Microsoft обнаружила веб-оболочки, развернутые операторами Black Kingdom примерно на 1500 серверах Exchange, уязвимые для атак ProxyLogon.
«Они начали позже, чем некоторые другие злоумышленники, при этом многие компрометации произошли в период с 18 по 20 марта, когда было доступно меньше непропатченных систем». заявила группа аналитики угроз Microsoft 365 Defender.
«Эти веб-оболочки наблюдались примерно в 1500 системах, не все из которых перешли на стадию вымогательства.
«Многие из скомпрометированных систем еще не подверглись вторичным действиям, таким как атаки программ-вымогателей, управляемые человеком, или кража данных, что указывает на то, что злоумышленники могут установить и сохранить свой доступ для возможных последующих действий».
Требование выкупа до 10 000
Аналитик вредоносного ПО Маркус Хатчинс был первым, кто обнаружил Black Kingdom (также отслеживаемый Microsoft как Pydomer) нацеленным на серверы Exchange за выходные после того, как один из его приманок ProxyLogon уловил вредоносную активность.
Начиная с 18 марта на сайте идентификации вымогателей было добавлено более 30 материалов Black Kingdom, поступающих непосредственно с затронутых почтовых серверов.
В то время как банда вымогателей не смогла зашифровать какие-либо файлы на приманках Хатчинса, все идентификаторы вымогателей отправляются с успешно зашифрованных серверов Exchange.
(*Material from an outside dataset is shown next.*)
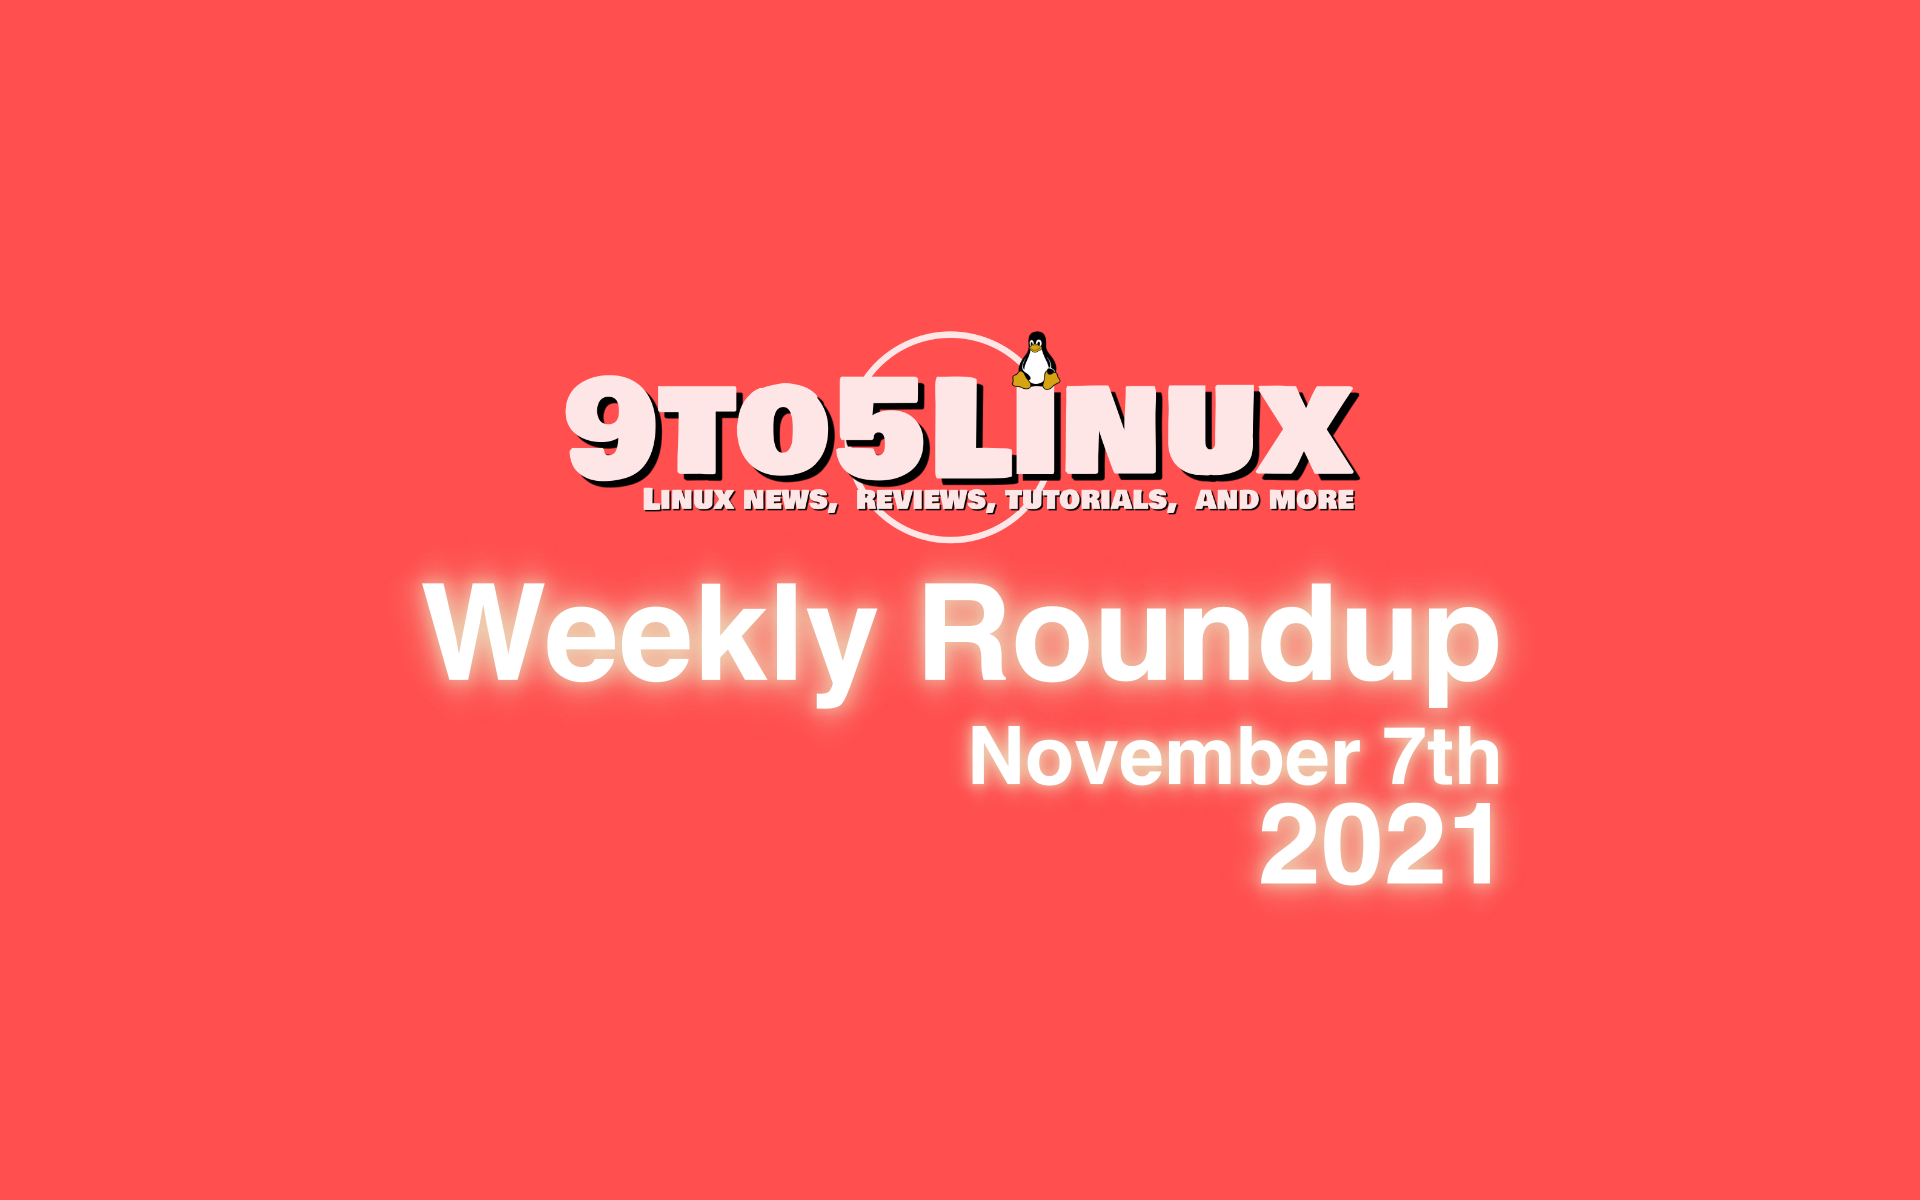 9to5Linux Weekly Roundup: November 7th, 2021

Жертвы программы-вымогателя Black Kingdom находятся в США, России, Канаде, Германии, Австрии, Швейцарии, Франции, Израиле, Великобритании, Италии, Греции, Австралии и Хорватии.
Когда BleepingComputer проанализировал программу-вымогатель Black Kingdom, он создал записку с требованием выкупа в размере 10000 биткойнов за ключ дешифрования.
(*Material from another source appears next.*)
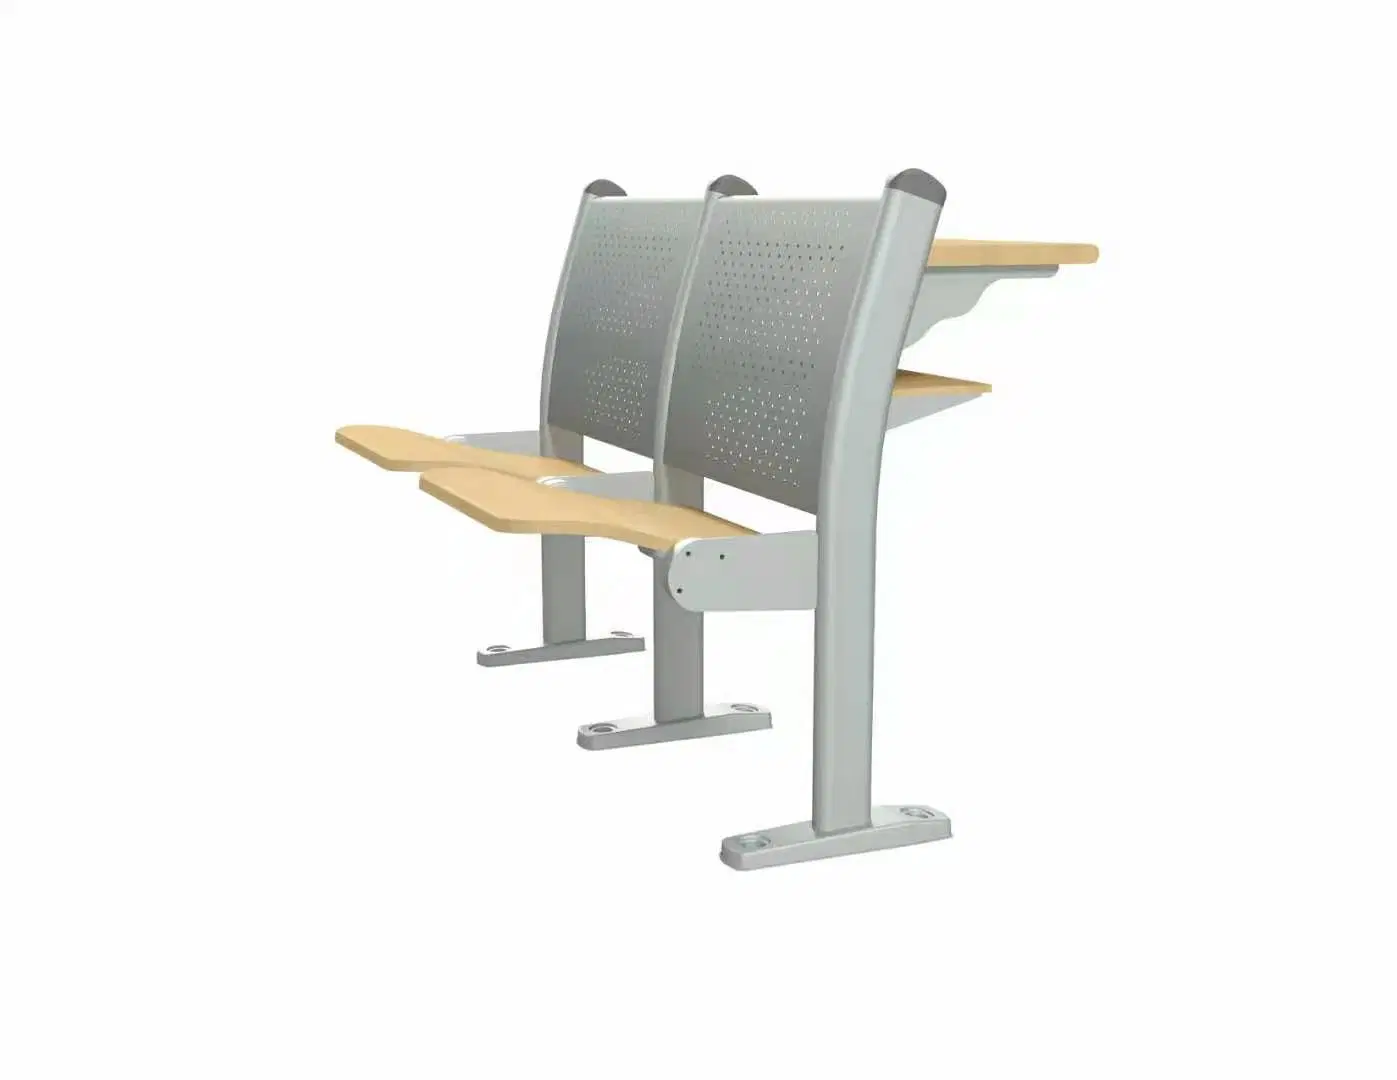 University School Classroom Student Lecture Room Desk and Chair Set

В записке о выкупе также содержится предупреждение жертвам, что данные были украдены до того, как их устройства были зашифрованы и будут публично обнародованы, если выкуп не будет уплачен.
В некоторых атаках Microsoft отметила, что записка с требованием выкупа была создана, даже если устройство не было зашифровано. Неизвестно, была ли это неудачная попытка шифрования или они просто захватили данные и выкупили их.
«При обнаружении этого примечания следует отнестись серьезно, поскольку злоумышленники имели полный доступ к системам и, вероятно, могли украсть данные». добавила Microsoft.
Хотя соединение еще не было установлено, еще одна программа-вымогатель, получившая название Black Kingdom, нацелена на корпоративные сети с помощью эксплойтов Pulse Secure VPN в июне 2020 года.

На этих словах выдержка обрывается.